◆ Task instructions
For this task, extract exactly the lines of the data below, from the line containing "Navneet More Jumbo" through the last one, with pictures left out.

◆ Supplied data
┄┄┄┄┄┄
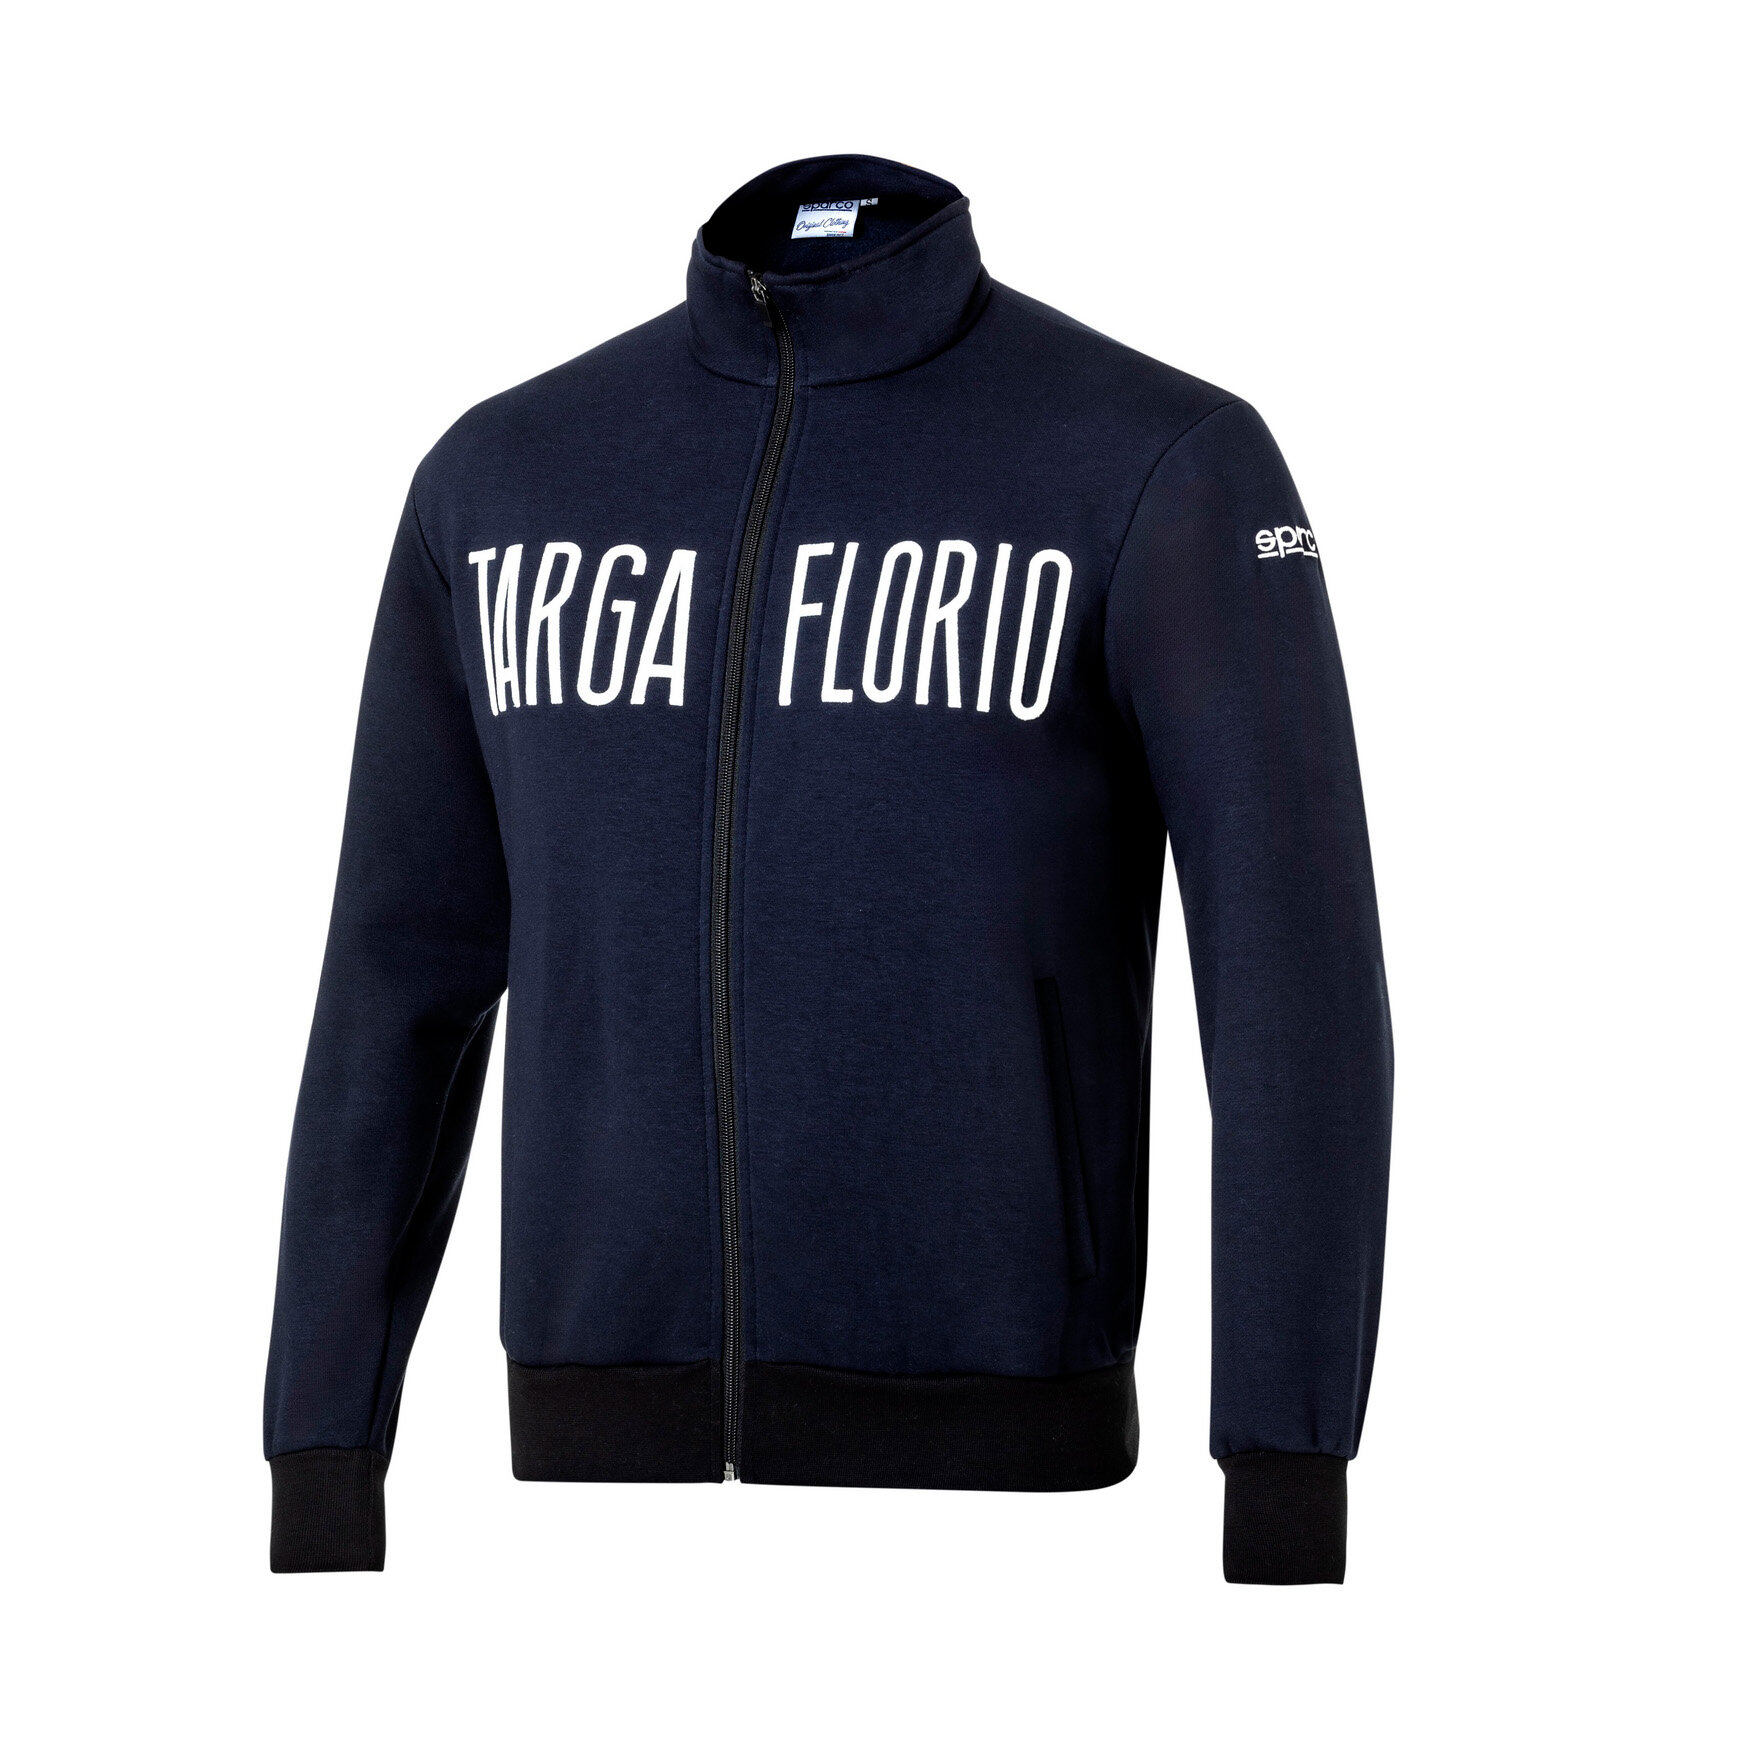 Sweatshirt Targa Florio Blå
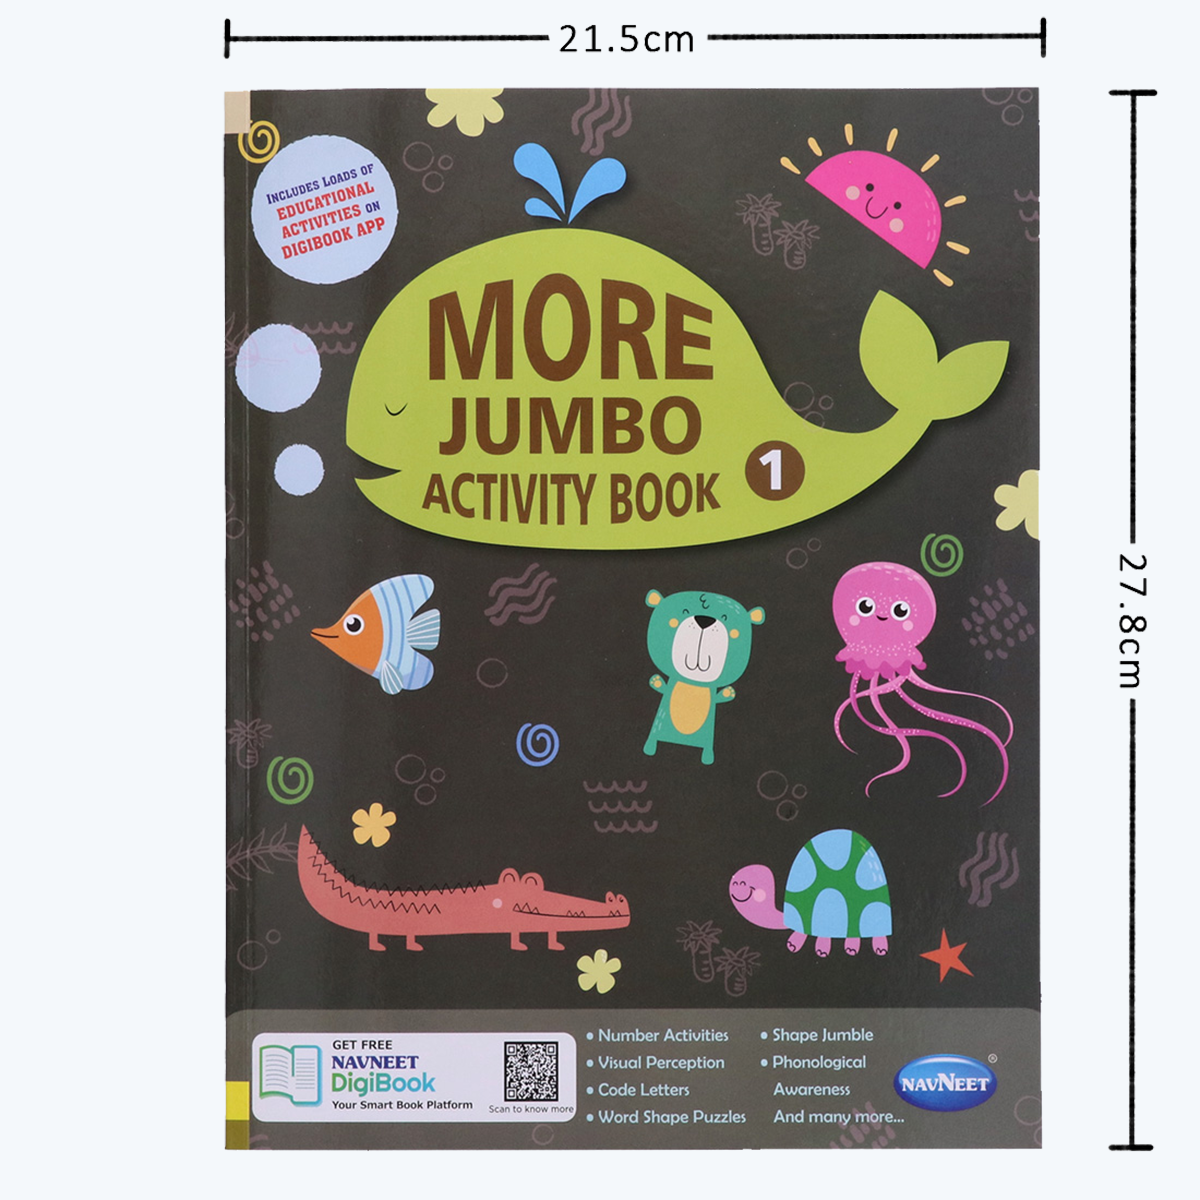 Navneet More Jumbo Activity Book 1- Fun Activities for Kids- Visual Perception, Code Letters, Word Shape Puzzles, Shape Jumbo, Phonologial Awareness, Number Activities
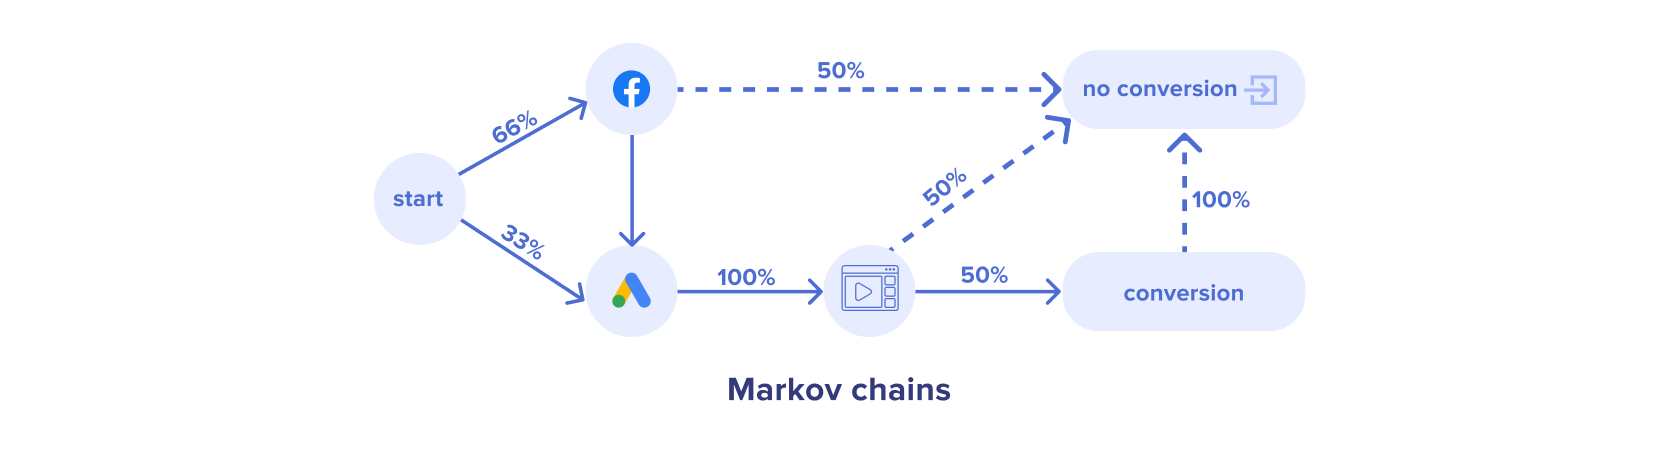 Markov Chains attribution
┄┄┄┄┄┄
◆ Expected answer
 Navneet More Jumbo Activity Book 1- Fun Activities for Kids- Visual Perception, Code Letters, Word Shape Puzzles, Shape Jumbo, Phonologial Awareness, Number Activities
 Markov Chains attribution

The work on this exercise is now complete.